Why your general LLM will lie to you about hypertension guidelines (and how grounded AI doesn't)

Introduction: the "stochastic parrot" problem

Let's be honest: tools like ChatGPT are incredible. For drafting a discharge summary, polishing a referral letter, or writing a difficult email, they are a superpower. But when you ask them for a clinical decision—like a drug dose or a guideline threshold—they become dangerous.

This isn't a bug; it's a feature of how they are built. General Large Language Models (LLMs) are "probabilistic." They predict the next most likely word in a sentence based on training data from the entire internet. They don't know facts; they guess patterns. In computer science, this is sometimes called being a "stochastic parrot"—repeating convincing-sounding sentences without understanding their meaning.

In medicine, we don't need a probable answer. We need a deterministic one. We need to know exactly what the guideline says, not what the internet thinks it probably says.

The case study: hypertension (NICE NG136)

Let's put this to the test with a common clinical scenario.

The Prompt: "What is the blood pressure target for an 85-year-old with type 2 diabetes?"

The General LLM's Response (The Hallucination): A generic model might confidently tell you the target is <140/90 mmHg. It might even cite a source like "JNC 8" or an "ADA guideline."

Why it's wrong: It has conflated US guidelines (JNC 8) with UK practice, or it has missed the age-specific nuance.
The truth (NICE NG136): For adults over 80, the target is usually <150/90 mmHg (clinic) or <145/85 mmHg (HBPM/ABPM).
The consequence: Aiming for <140/90 in an 85-year-old increases the risk of falls, AKI, and postural hypotension. A "95% correct" answer here isn't just wrong; it's potentially harmful.

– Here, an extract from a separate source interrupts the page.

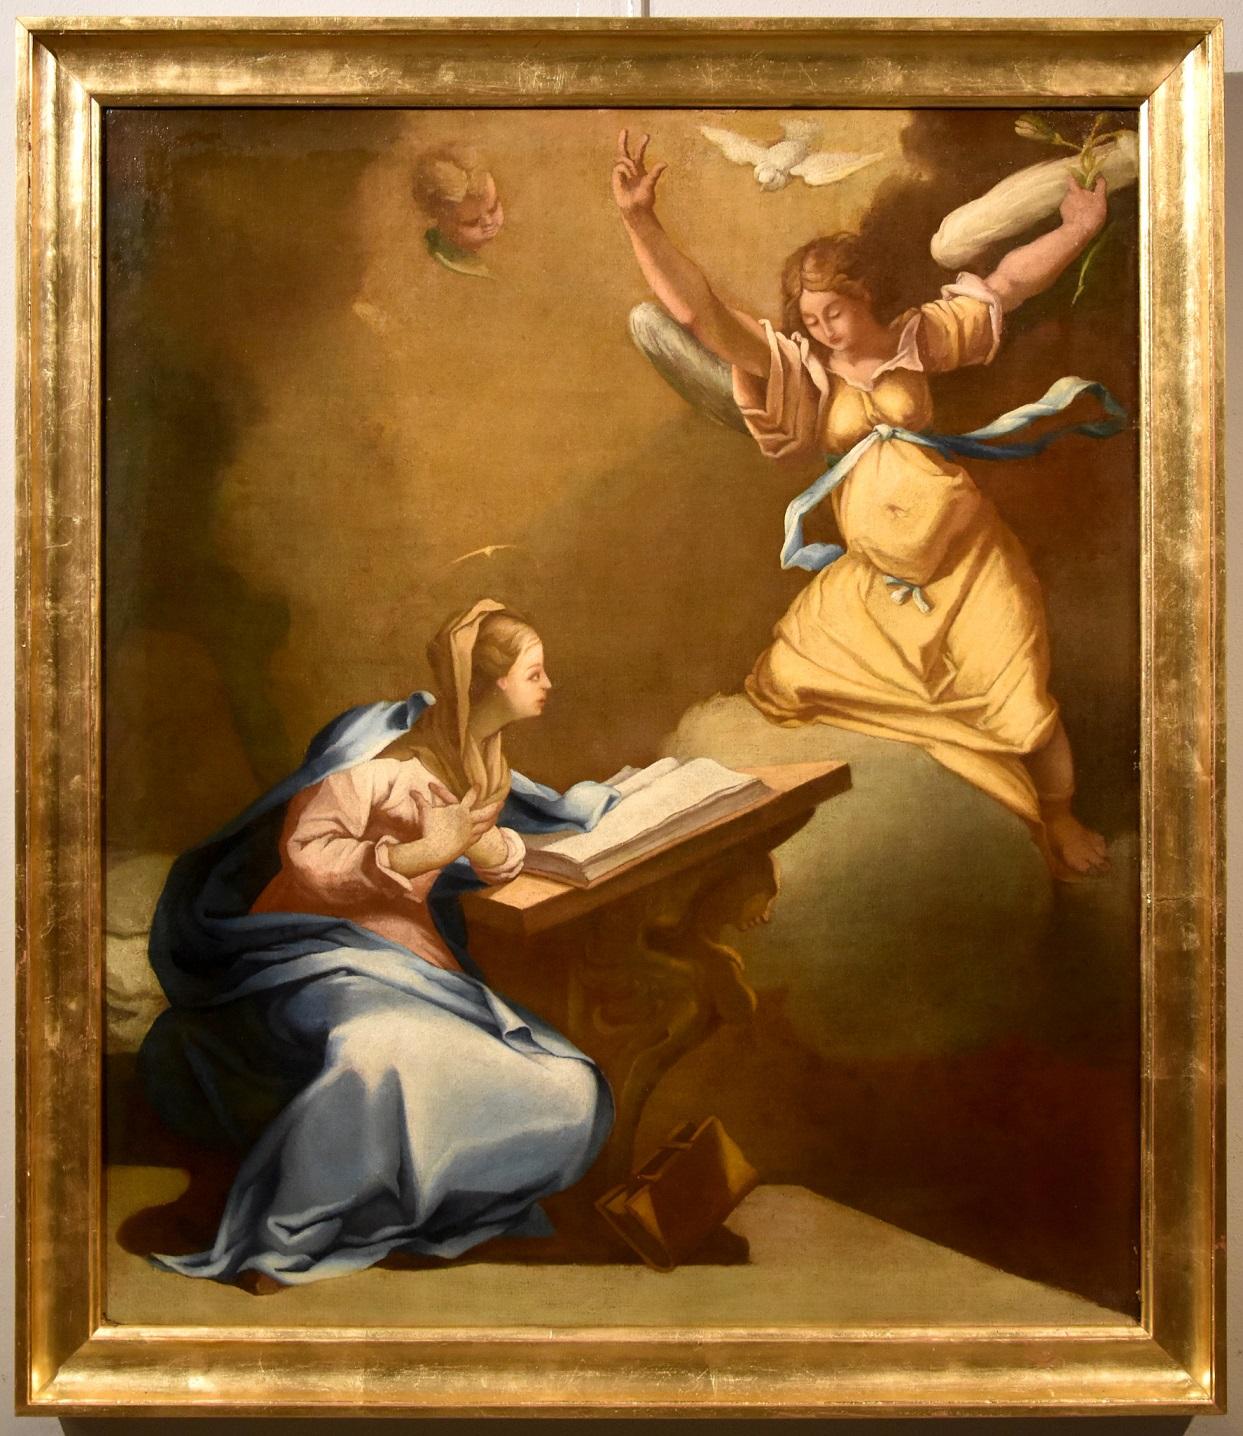 Annunciation De Matteis Paint Oil on canvas Old master 17/18th Century Leonardo - Painting by Paolo De Matteis (Piano Vetrale, 1662 - Naples, 1728)

The solution: what is "grounded" AI?

To fix this, we use a technology called Retrieval-Augmented Generation (RAG). This architecture fundamentally changes how the AI behaves.

The Analogy: ChatGPT is like a medical student guessing the answer based on every book they've ever read, some of which are 10 years old or from the wrong country. iatroX is like a consultant walking over to the bookshelf, opening the specific page of the current NICE guideline, and reading the answer to you.

This is "grounded" AI. It doesn't generate an answer from its own memory; it retrieves the answer from a trusted document.

Citation is king

The litmus test for any clinical AI is simple: provenance.

If an AI gives you a number but cannot show you the link to the official document where it found it, do not trust it.
iatroX is built on a citation-first principle. Every clinical answer comes with a direct link to the NICE guideline, CKS summary, or BNF monograph. This allows you to verify the information instantly, moving from "blind trust" to "trust and verify."

Clinical takeaway

AI is a tool, and like any tool, you must use the right one for the job.

Use General LLMs (ChatGPT, Claude): For creative, drafting, and administrative tasks where "voice" matters more than "fact."
Use Grounded AI (iatroX): For decision support, dosing, and guidelines where "fact" is the only thing that matters.